§ DATASET CONTENT
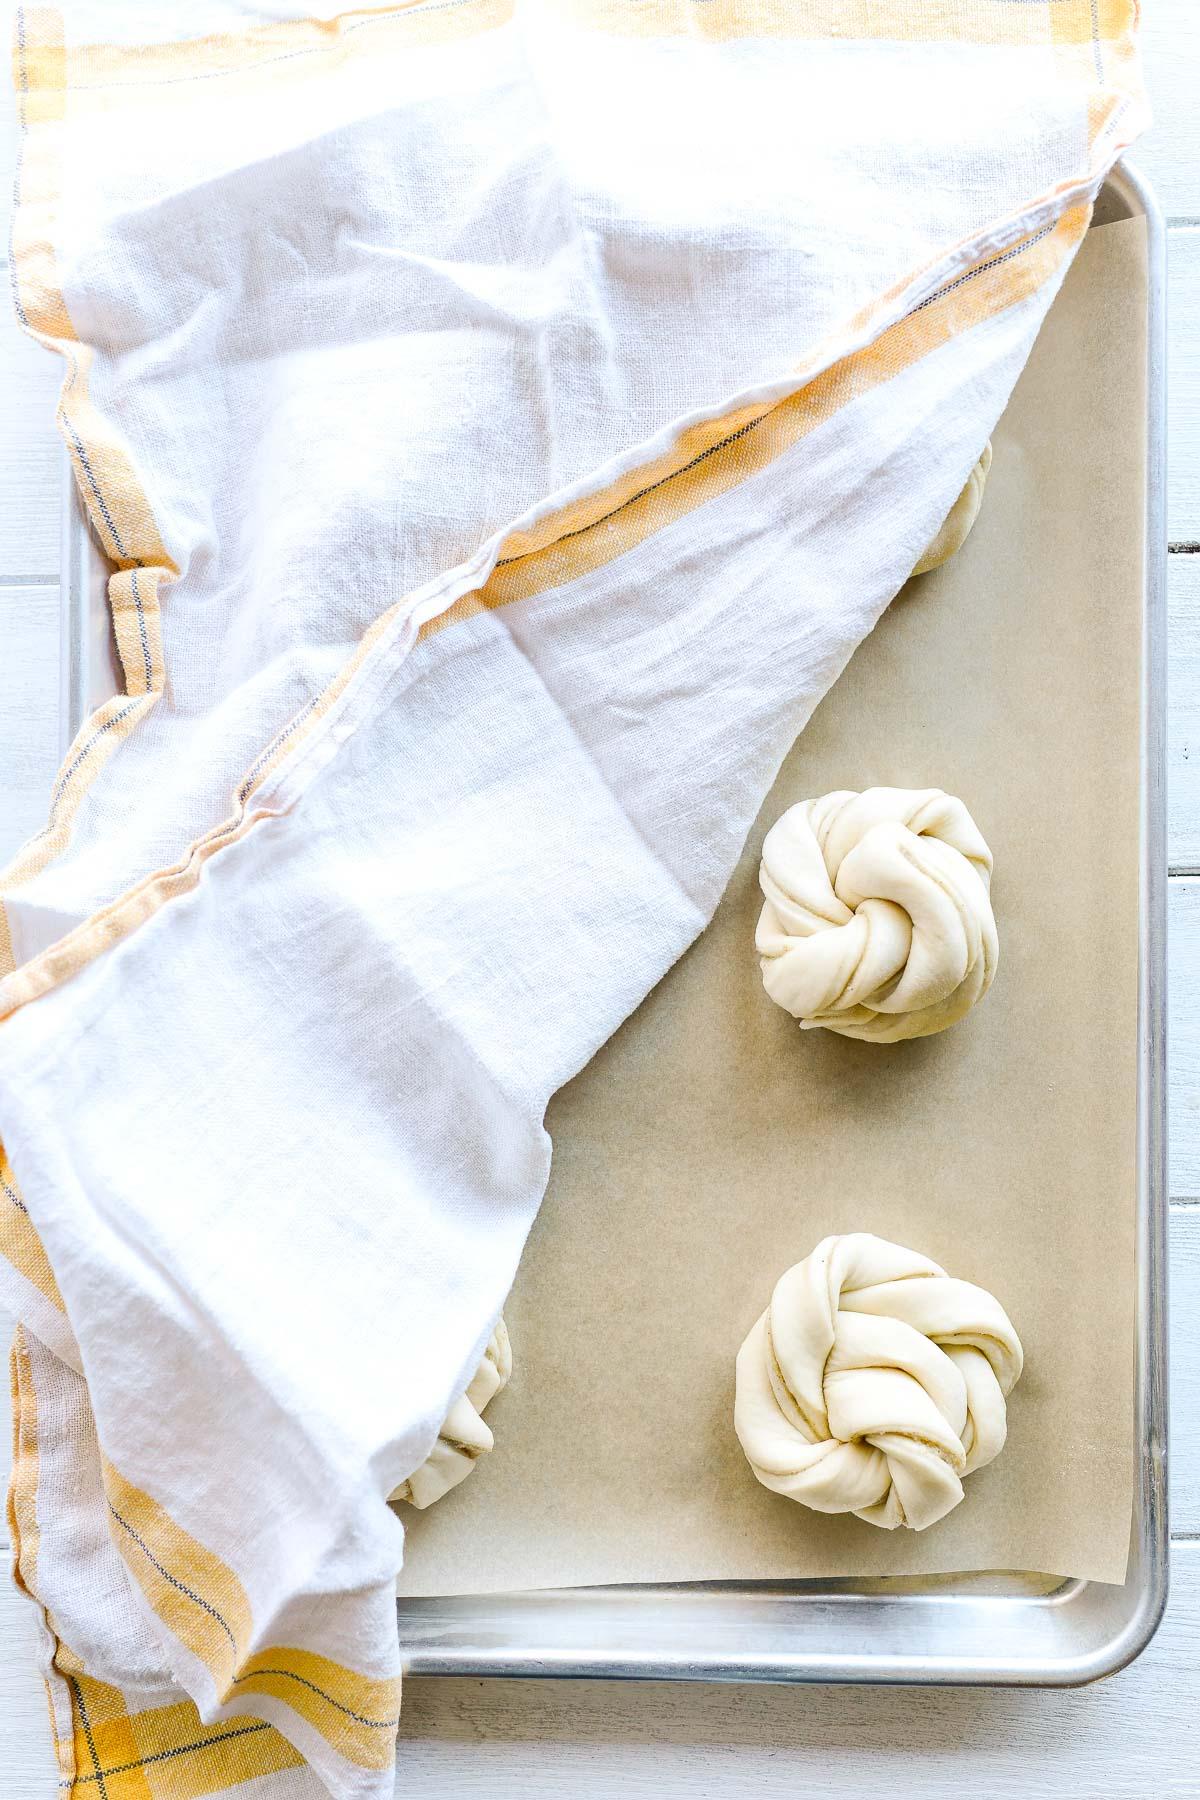 cardamom buns resting on a baking sheet
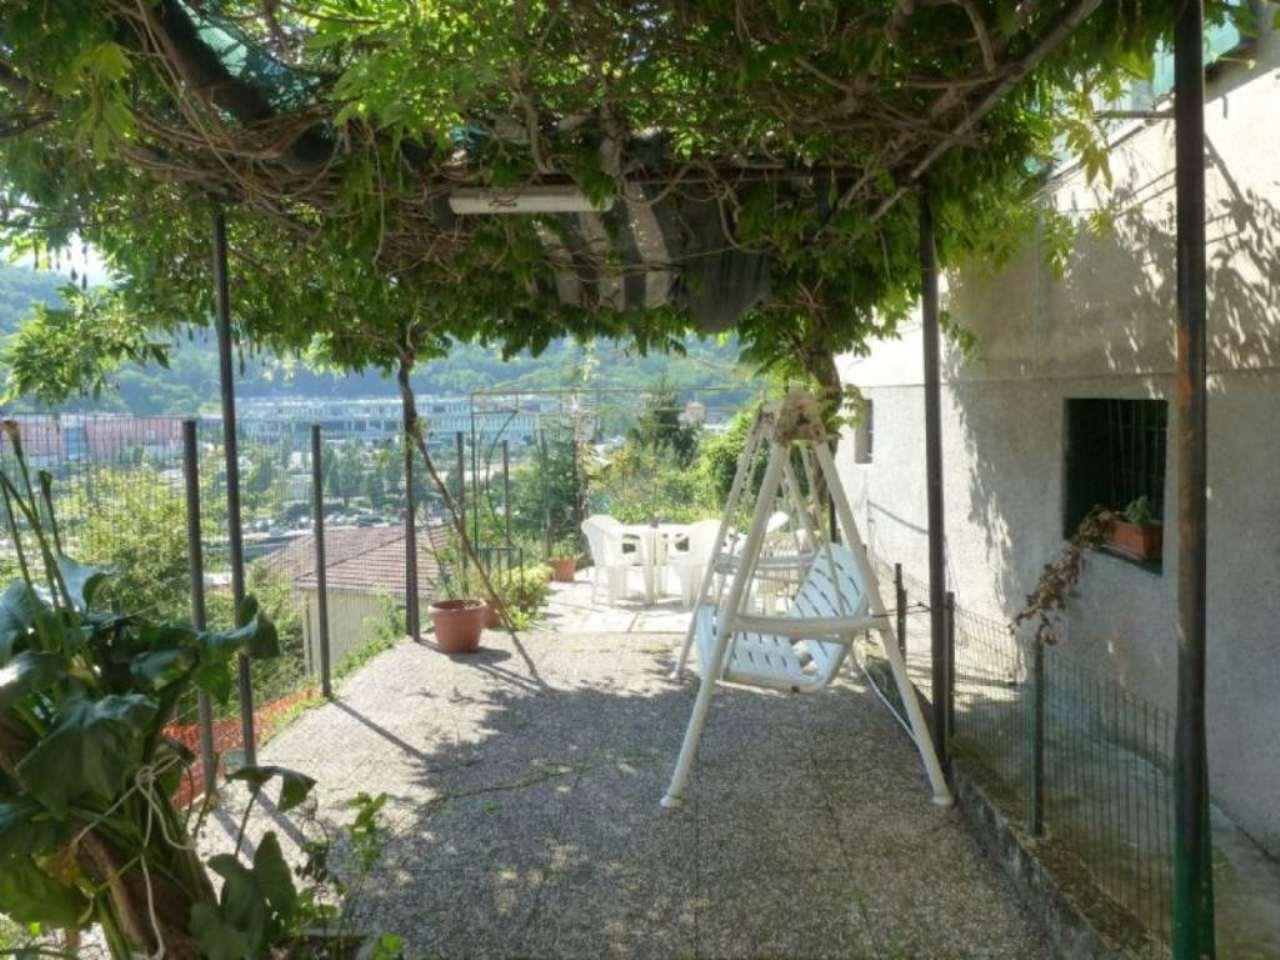 casa con giardino a genova pag. 9 - cambiocasa.it
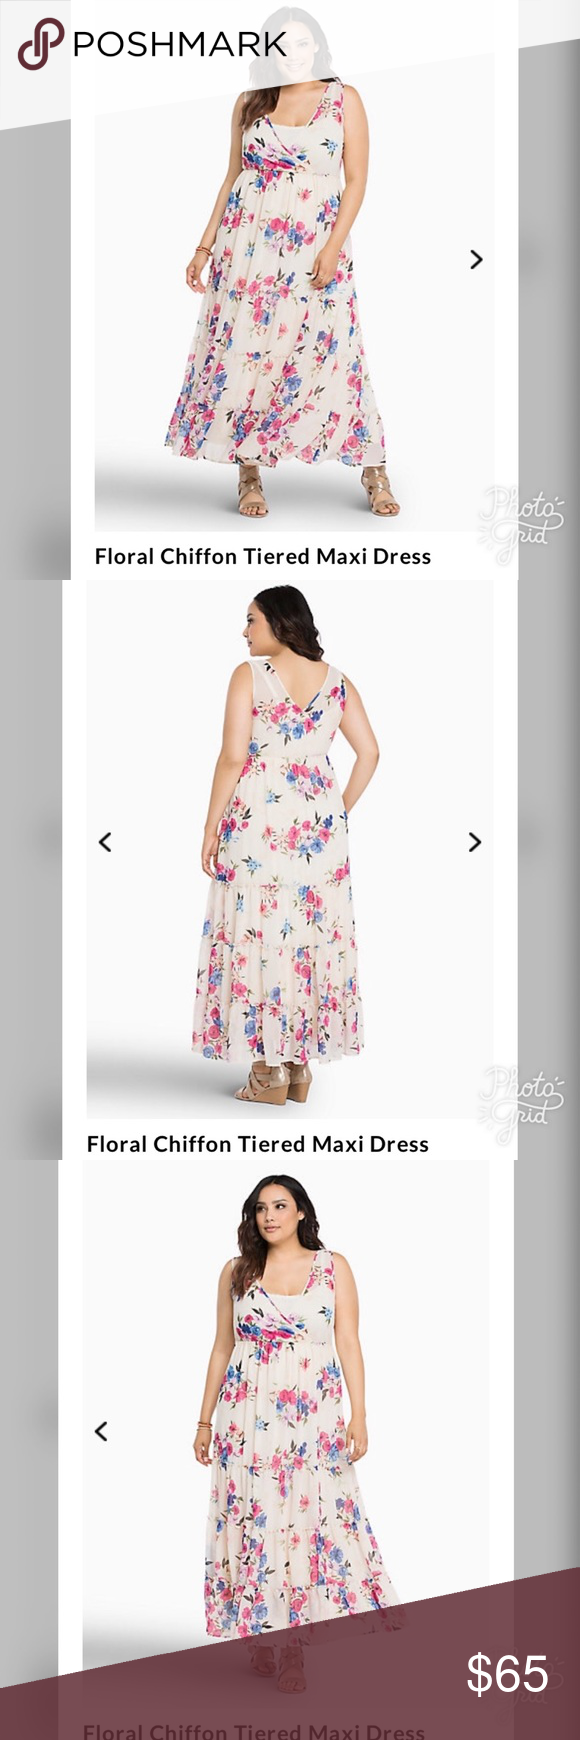 806bbd6da8 Torrid Floral Chiffon Tiered Floral Maxi Dress 00 Torrid Floral Chiffon  Tiered Floral Maxi Dress 00 Size 10 NEW torrid Dresses Maxi
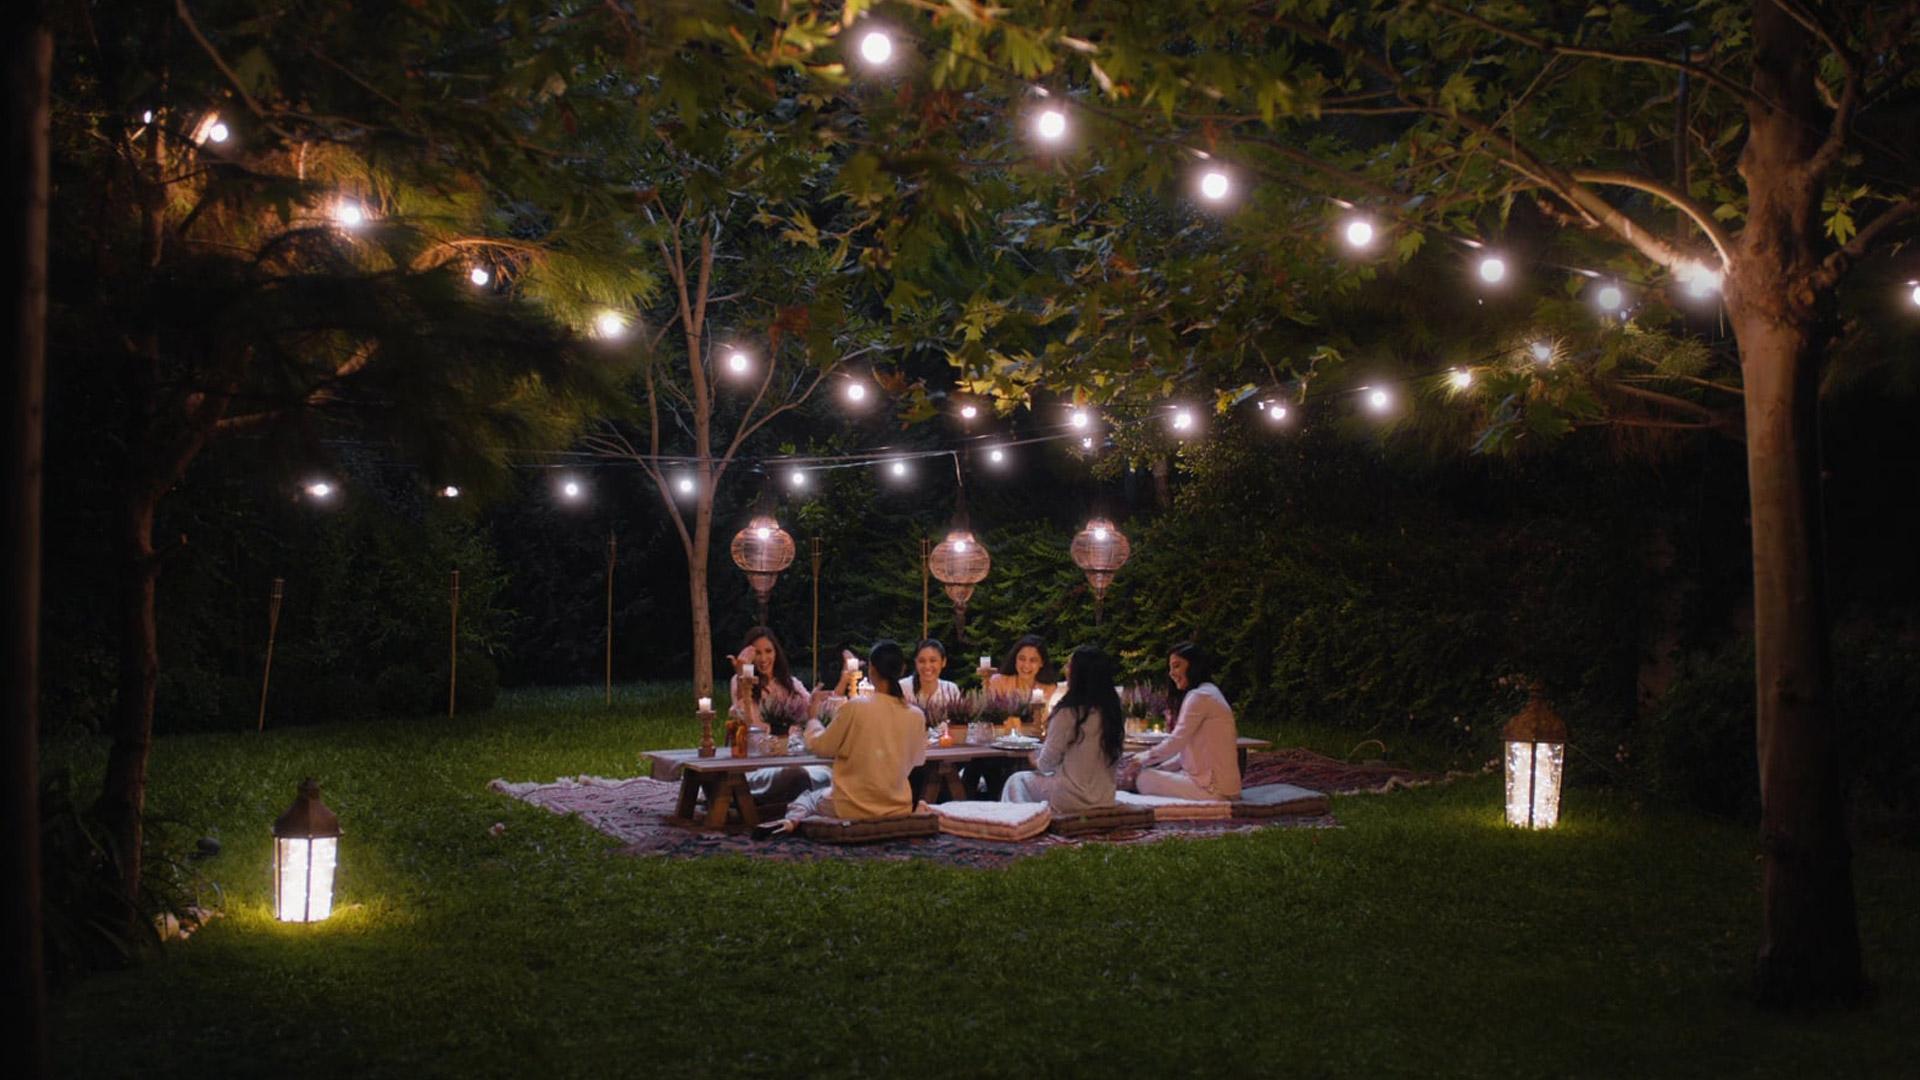 Dettol - Fairy Lights

§ GOAL OF THE EXERCISE
Pictures are not part of the copy; reproduce exactly and only the lines from the line containing "casa con giardino" through the end of the listing.

§ RESULT FOR THIS EXERCISE
 casa con giardino a genova pag. 9 - cambiocasa.it
 806bbd6da8 Torrid Floral Chiffon Tiered Floral Maxi Dress 00 Torrid Floral Chiffon  Tiered Floral Maxi Dress 00 Size 10 NEW torrid Dresses Maxi
 Dettol - Fairy Lights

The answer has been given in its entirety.